The Financial Services Authority (FSA) has warned adviser businesses they risk mis-selling to consumers, even with the abolition of commission, if they remunerate their staff based on the revenues they earn.
In a guidance consultation issued this morning, the regulator has set out how its successor, the Financial Conduct Authority (FCA), will seek to minimise the risks to customers from financial incentives.
The proposed guidance tells firms they need to properly consider the risks of mis-selling as a result of their own schemes, review whether their governance and controls are adequate, and make changes to address any inadequacies.
"This guidance applies to all firms in retail financial services with staff who are part of an incentive scheme and deal directly with retail customer transactions," the FSA said.
"Firms affected by the Retail Distribution Review (RDR) will need to consider how their incentives increase the risk of mis-selling, even where they are based on fees."
Among the risks identified for small firms is variable pay, where advisers are remunerated purely based on the revenue they earn.
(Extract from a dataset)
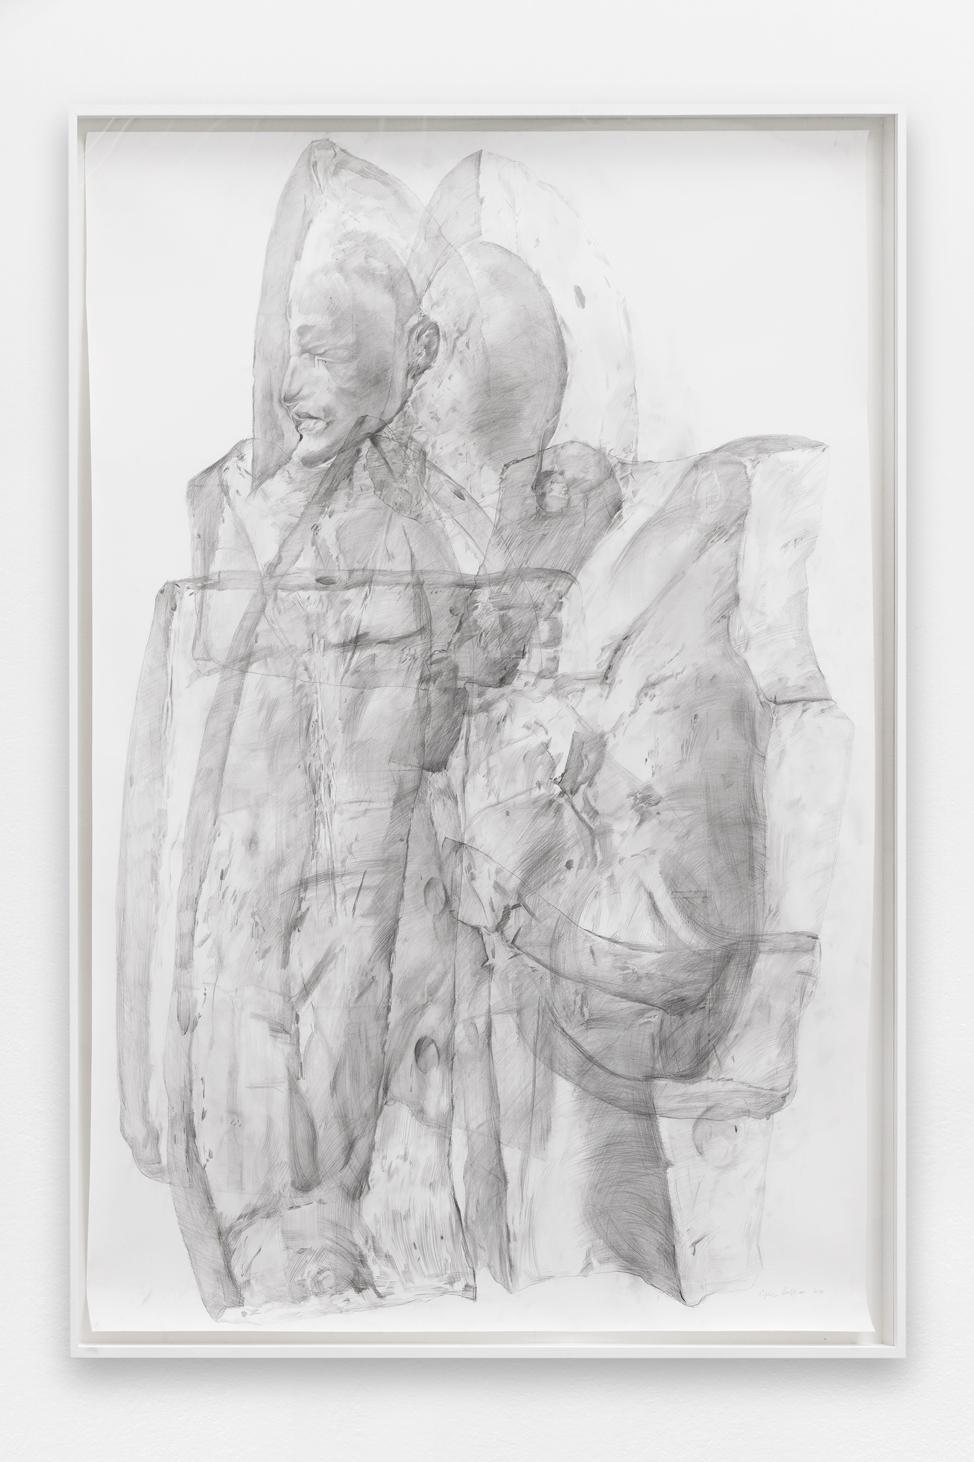 Spectre #1 , Ciprian Mureșan, 2020, Pencil on paper, 211 x 161 x 7 cm  — Galerie Éric Hussenot, Paris

"This is a form of 100% variable pay, so these firms should be aware of the increased risk of mis-selling and have adequate controls to mitigate the risk," the FSA said.
"Advisers can also receive additional bonuses for exceeding a revenue threshold, which acts like an accelerator on their earnings."
Where a recurring problem is identified, the FSA said firms will need to investigate, take action and pay redress where consumers have suffered detriment.
Elsewhere in the paper, the FSA added 100% variable pay "significantly increases the risk of mis-selling".
The FSA also raised concerns that compliance costs are sometimes reduced if the adviser's revenue passes a certain threshold.
"This can create a disproportionate reward for marginal sales if advisers are trying to reach the threshold towards the end of any qualifying period, as the reduced compliance costs effectively increase future earnings," it said.
In a speech introducing the paper later this morning, Martin Wheatley (pictured), the CEO-designate of the FCA, will focus on mis-selling by banks and call for a change of culture across the industry.